**REQUIRED WORK**
For this exercise, output the line containing "Read online Leave" and all lines after it to the end of the records, exactly, with no other content.

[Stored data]
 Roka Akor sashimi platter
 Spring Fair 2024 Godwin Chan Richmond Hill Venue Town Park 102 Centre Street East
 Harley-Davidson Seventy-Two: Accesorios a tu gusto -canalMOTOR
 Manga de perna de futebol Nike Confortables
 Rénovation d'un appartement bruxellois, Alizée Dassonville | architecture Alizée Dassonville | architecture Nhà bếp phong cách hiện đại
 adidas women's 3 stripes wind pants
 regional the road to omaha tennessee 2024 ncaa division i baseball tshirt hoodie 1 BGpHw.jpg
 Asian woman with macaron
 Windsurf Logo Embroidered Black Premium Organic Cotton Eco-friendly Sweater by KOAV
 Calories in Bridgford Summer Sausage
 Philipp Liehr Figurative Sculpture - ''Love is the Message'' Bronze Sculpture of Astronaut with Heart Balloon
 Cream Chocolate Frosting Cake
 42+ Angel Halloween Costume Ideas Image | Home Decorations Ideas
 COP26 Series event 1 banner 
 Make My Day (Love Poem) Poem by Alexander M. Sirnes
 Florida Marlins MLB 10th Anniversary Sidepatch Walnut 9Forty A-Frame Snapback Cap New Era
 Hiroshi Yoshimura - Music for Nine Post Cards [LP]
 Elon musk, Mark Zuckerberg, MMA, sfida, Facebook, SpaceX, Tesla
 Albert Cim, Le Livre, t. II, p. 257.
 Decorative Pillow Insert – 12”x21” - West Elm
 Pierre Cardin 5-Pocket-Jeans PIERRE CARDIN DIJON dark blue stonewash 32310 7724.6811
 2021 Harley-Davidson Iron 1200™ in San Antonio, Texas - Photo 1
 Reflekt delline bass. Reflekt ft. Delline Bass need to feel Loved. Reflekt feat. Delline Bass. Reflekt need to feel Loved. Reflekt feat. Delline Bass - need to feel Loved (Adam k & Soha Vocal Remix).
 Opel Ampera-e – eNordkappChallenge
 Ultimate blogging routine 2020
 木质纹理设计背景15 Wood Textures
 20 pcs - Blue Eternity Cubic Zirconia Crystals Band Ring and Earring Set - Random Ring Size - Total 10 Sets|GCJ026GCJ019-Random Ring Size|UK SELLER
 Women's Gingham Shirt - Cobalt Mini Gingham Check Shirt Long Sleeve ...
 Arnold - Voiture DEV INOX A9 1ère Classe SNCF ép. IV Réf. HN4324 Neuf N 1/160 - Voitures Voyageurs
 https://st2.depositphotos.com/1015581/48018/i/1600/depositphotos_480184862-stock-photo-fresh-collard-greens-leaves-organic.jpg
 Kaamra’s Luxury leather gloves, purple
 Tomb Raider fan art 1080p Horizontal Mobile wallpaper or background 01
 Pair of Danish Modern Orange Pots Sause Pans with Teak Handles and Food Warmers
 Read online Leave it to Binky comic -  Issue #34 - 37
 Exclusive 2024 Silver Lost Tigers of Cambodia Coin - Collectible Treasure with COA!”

**REPLY**
 Read online Leave it to Binky comic -  Issue #34 - 37
 Exclusive 2024 Silver Lost Tigers of Cambodia Coin - Collectible Treasure with COA!”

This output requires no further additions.